Start of SOURCE DATA

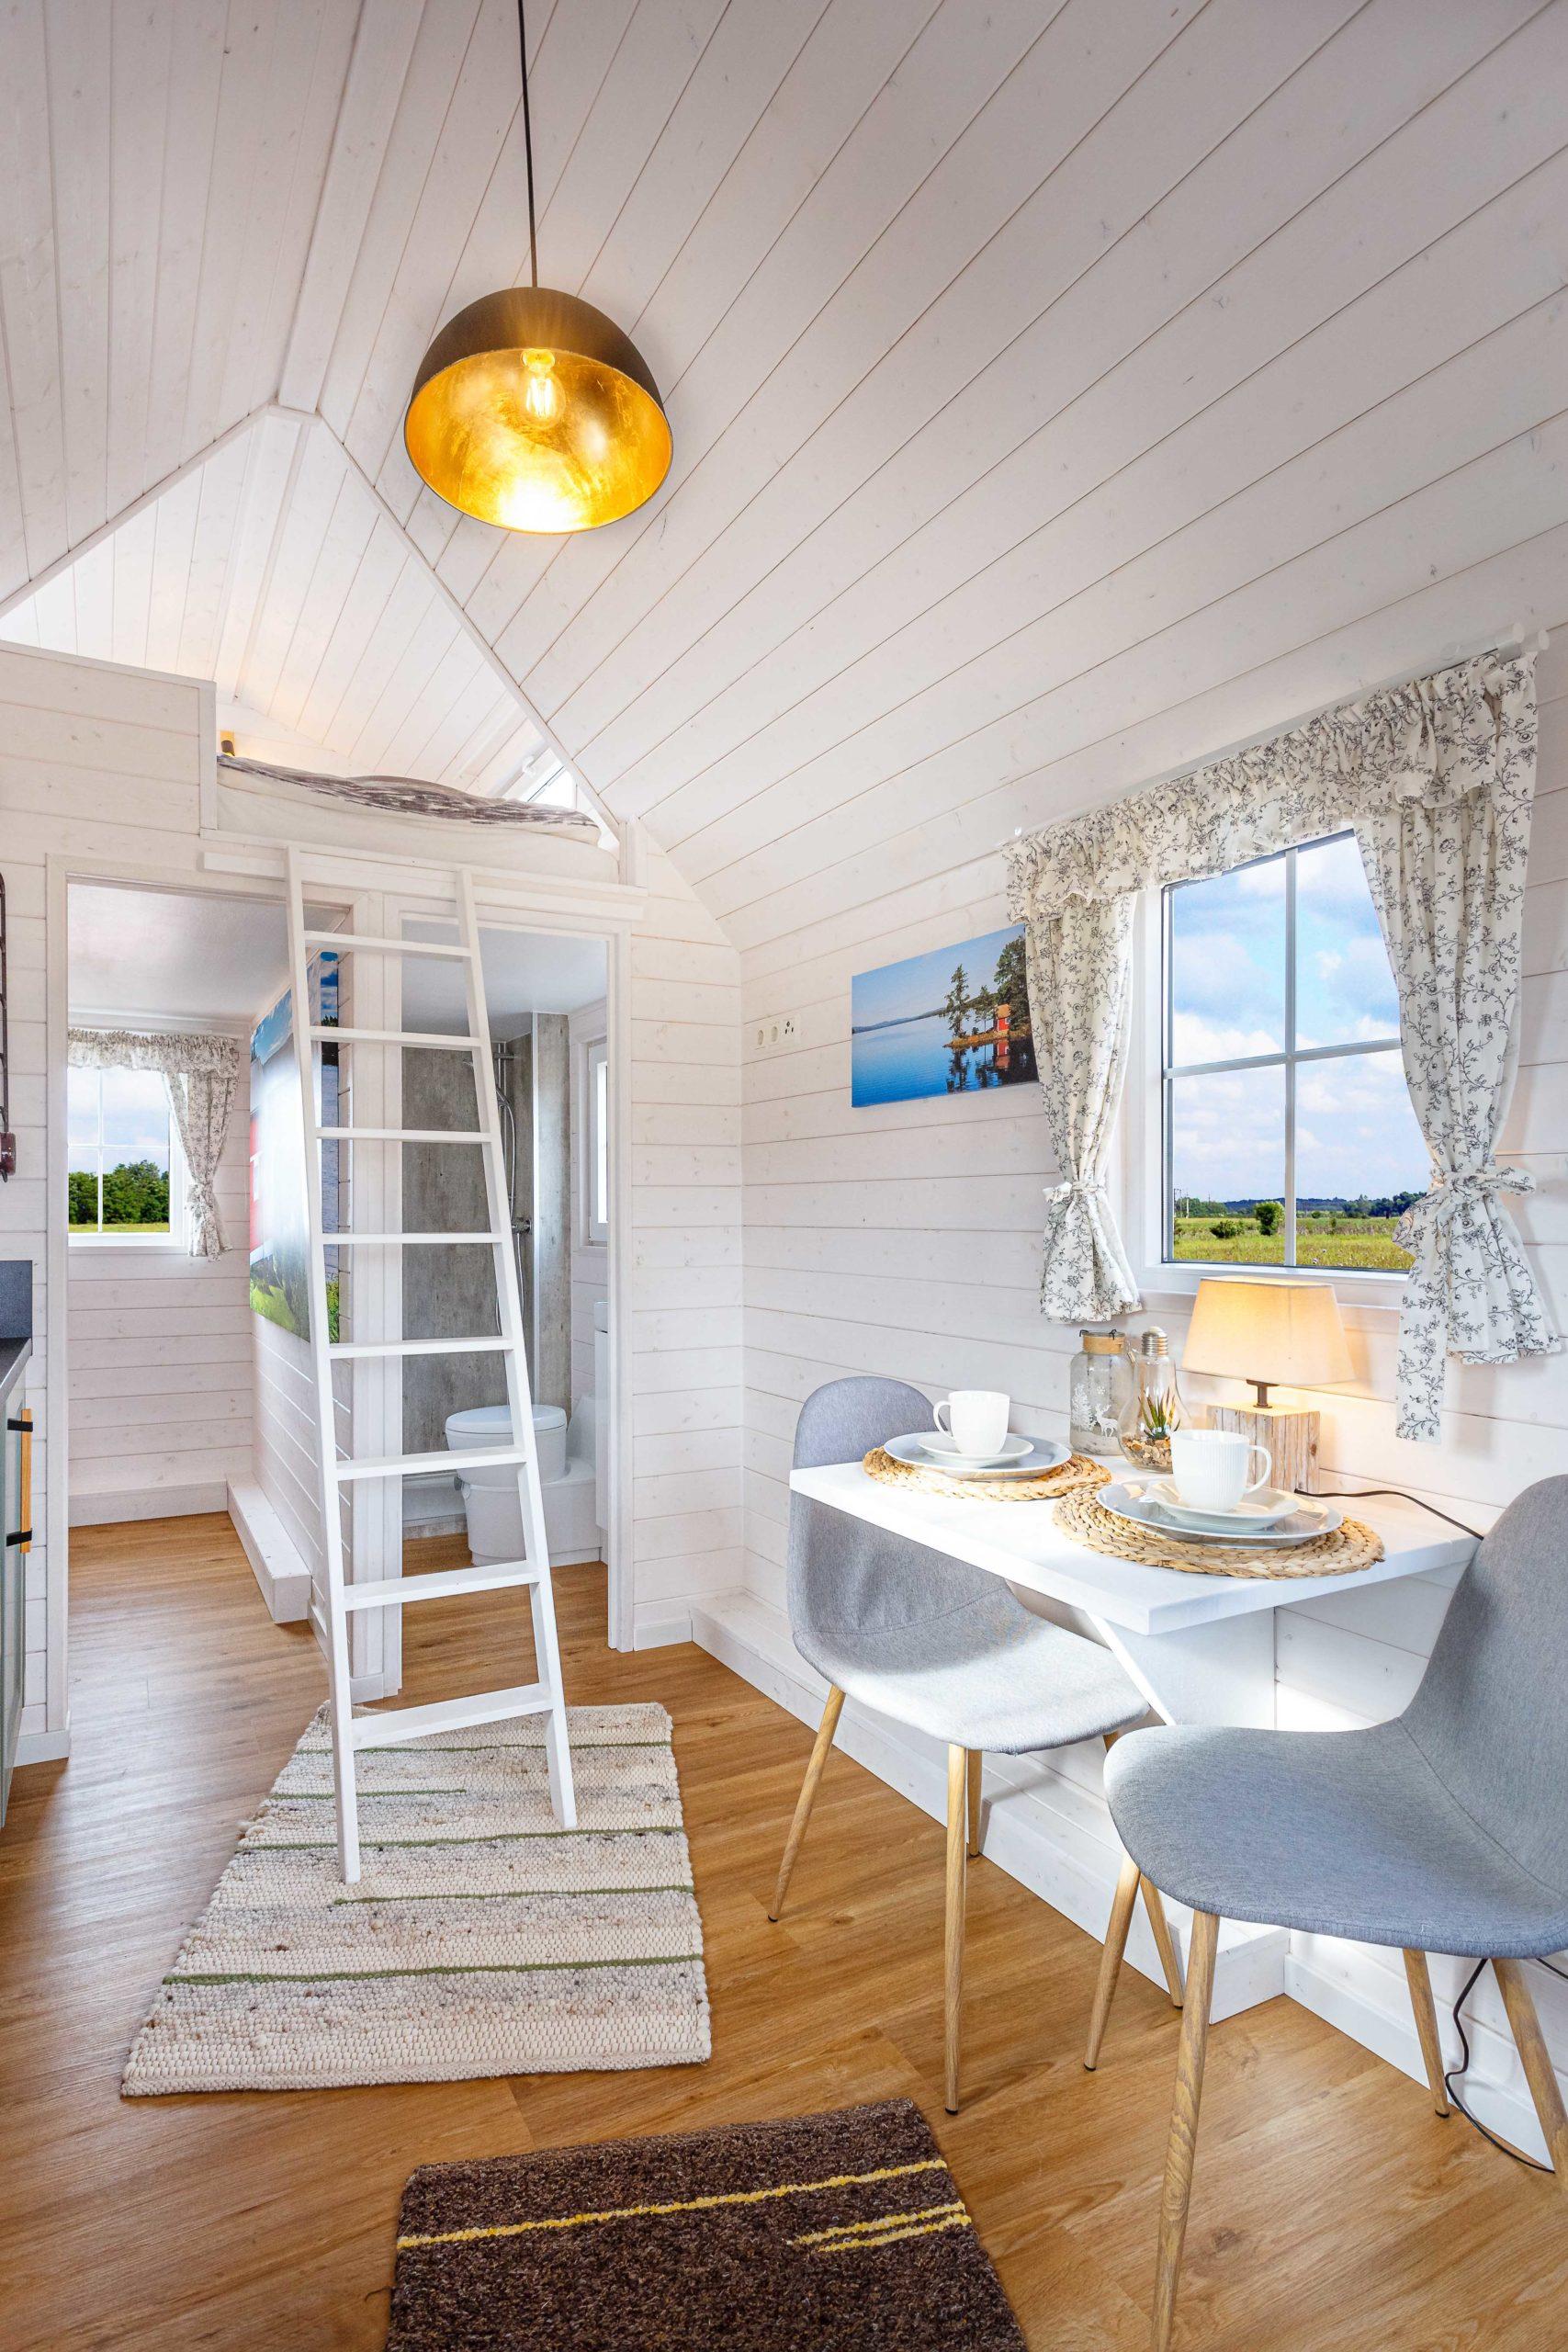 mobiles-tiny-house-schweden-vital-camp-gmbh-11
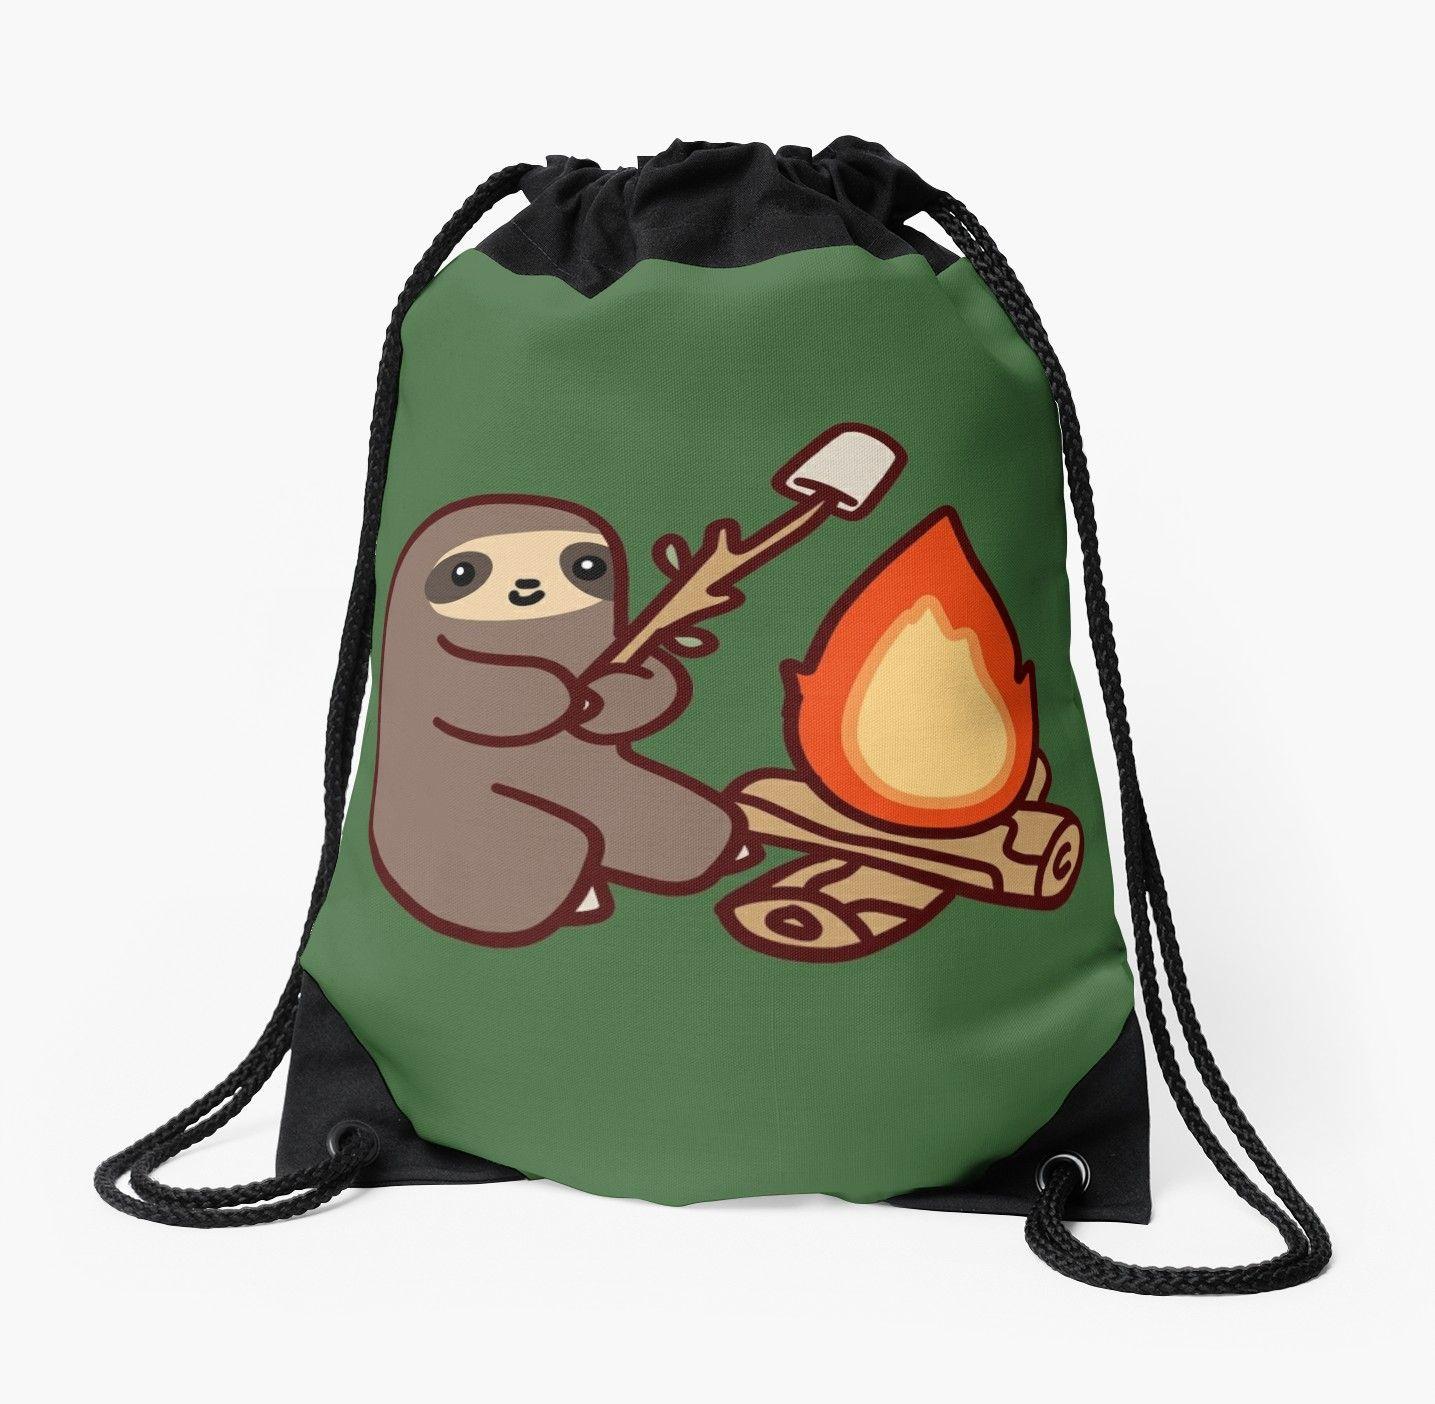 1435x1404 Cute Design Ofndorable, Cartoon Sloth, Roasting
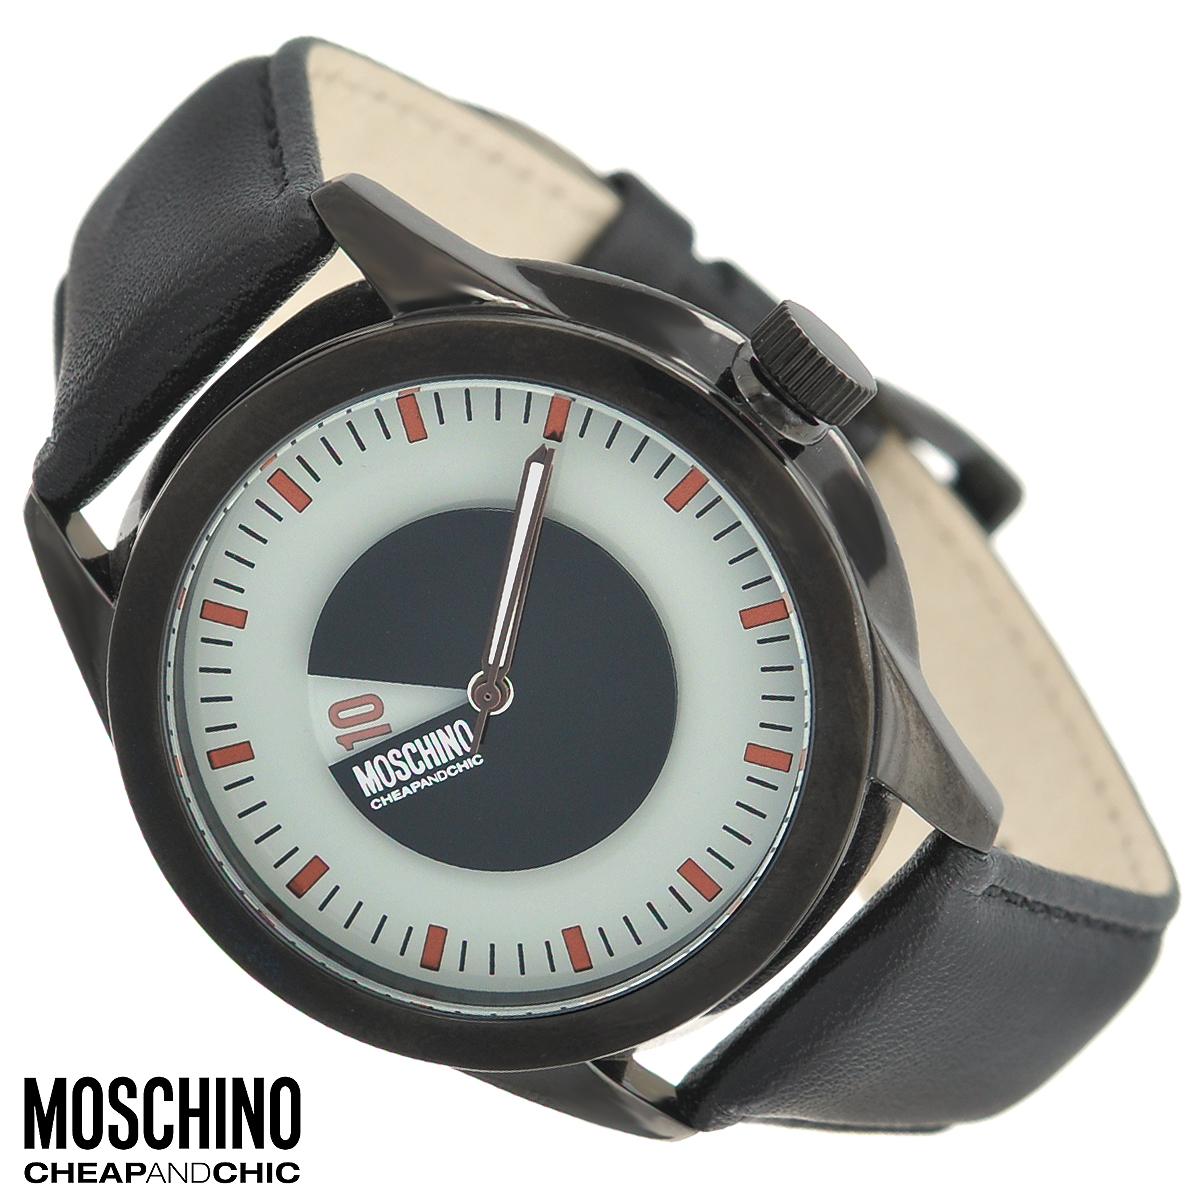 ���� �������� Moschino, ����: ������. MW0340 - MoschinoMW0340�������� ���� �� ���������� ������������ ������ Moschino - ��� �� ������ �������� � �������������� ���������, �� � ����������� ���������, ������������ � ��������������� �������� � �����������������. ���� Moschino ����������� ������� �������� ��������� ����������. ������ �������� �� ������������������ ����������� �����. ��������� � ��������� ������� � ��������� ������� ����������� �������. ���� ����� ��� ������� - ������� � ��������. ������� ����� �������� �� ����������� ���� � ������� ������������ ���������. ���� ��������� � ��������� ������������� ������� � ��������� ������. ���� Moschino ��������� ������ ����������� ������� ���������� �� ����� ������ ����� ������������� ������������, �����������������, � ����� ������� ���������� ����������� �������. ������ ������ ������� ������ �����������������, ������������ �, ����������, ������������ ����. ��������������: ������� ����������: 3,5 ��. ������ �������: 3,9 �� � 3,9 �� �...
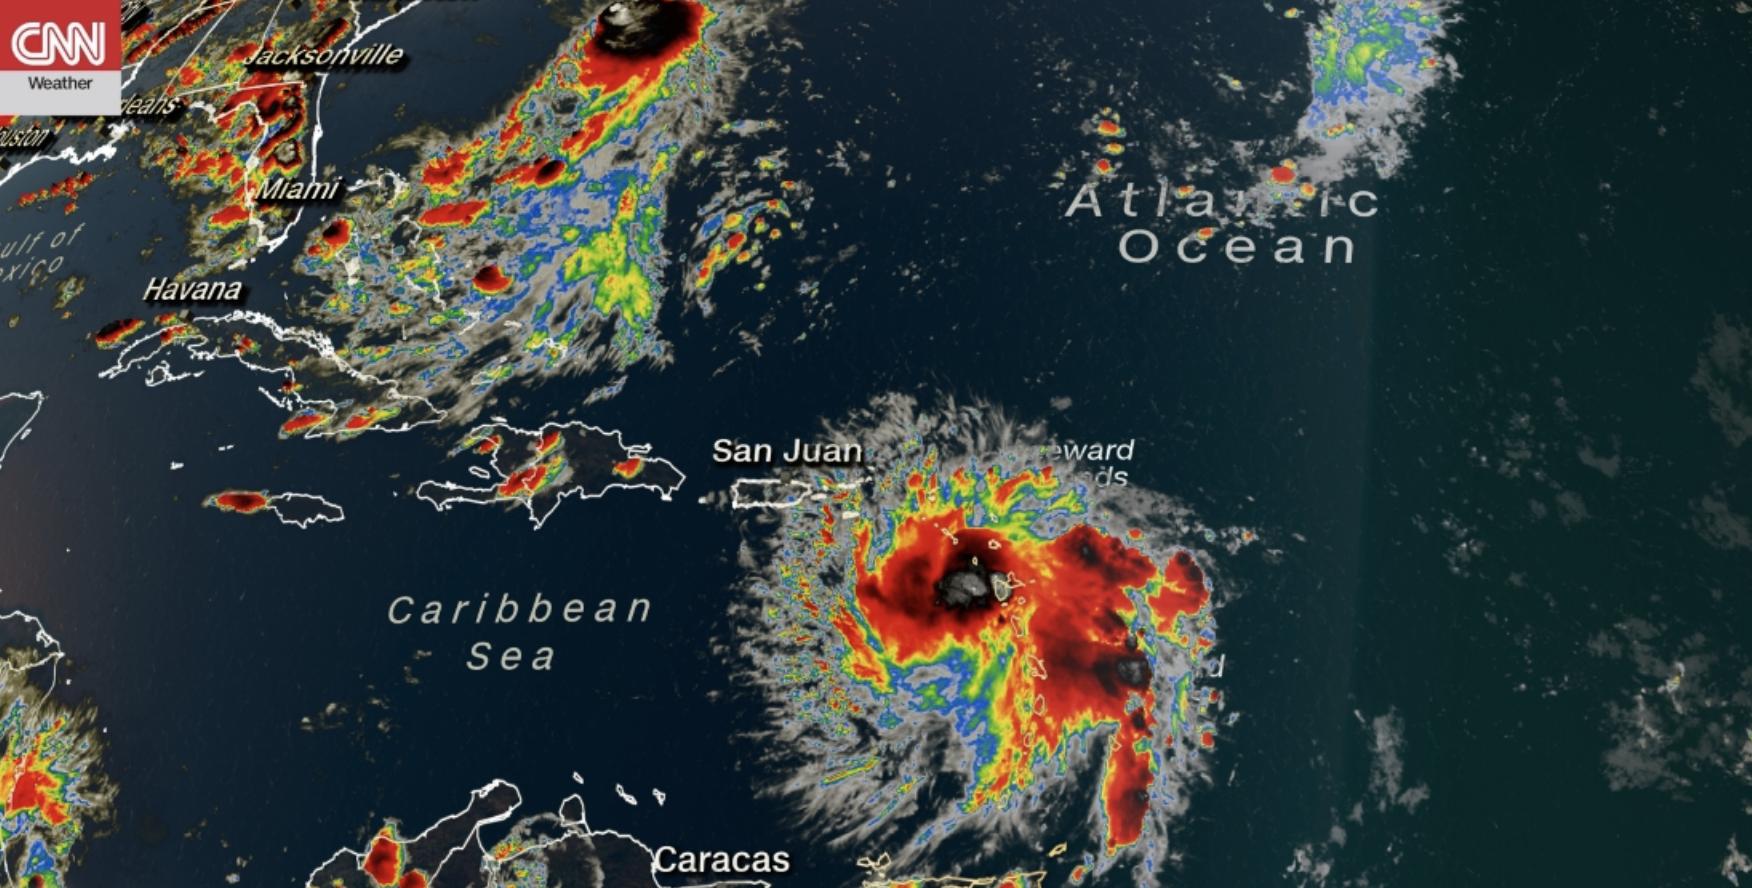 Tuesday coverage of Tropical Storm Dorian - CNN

End of SOURCE DATA

* _ASSIGNMENT_
Every line above is to be written out unchanged, with the pictures omitted.

* _YOUR SOLUTION_
 mobiles-tiny-house-schweden-vital-camp-gmbh-11
 1435x1404 Cute Design Ofndorable, Cartoon Sloth, Roasting
 ���� �������� Moschino, ����: ������. MW0340 - MoschinoMW0340�������� ���� �� ���������� ������������ ������ Moschino - ��� �� ������ �������� � �������������� ���������, �� � ����������� ���������, ������������ � ��������������� �������� � �����������������. ���� Moschino ����������� ������� �������� ��������� ����������. ������ �������� �� ������������������ ����������� �����. ��������� � ��������� ������� � ��������� ������� ����������� �������. ���� ����� ��� ������� - ������� � ��������. ������� ����� �������� �� ����������� ���� � ������� ������������ ���������. ���� ��������� � ��������� ������������� ������� � ��������� ������. ���� Moschino ��������� ������ ����������� ������� ���������� �� ����� ������ ����� ������������� ������������, �����������������, � ����� ������� ���������� ����������� �������. ������ ������ ������� ������ �����������������, ������������ �, ����������, ������������ ����. ��������������: ������� ����������: 3,5 ��. ������ �������: 3,9 �� � 3,9 �� �...
 Tuesday coverage of Tropical Storm Dorian - CNN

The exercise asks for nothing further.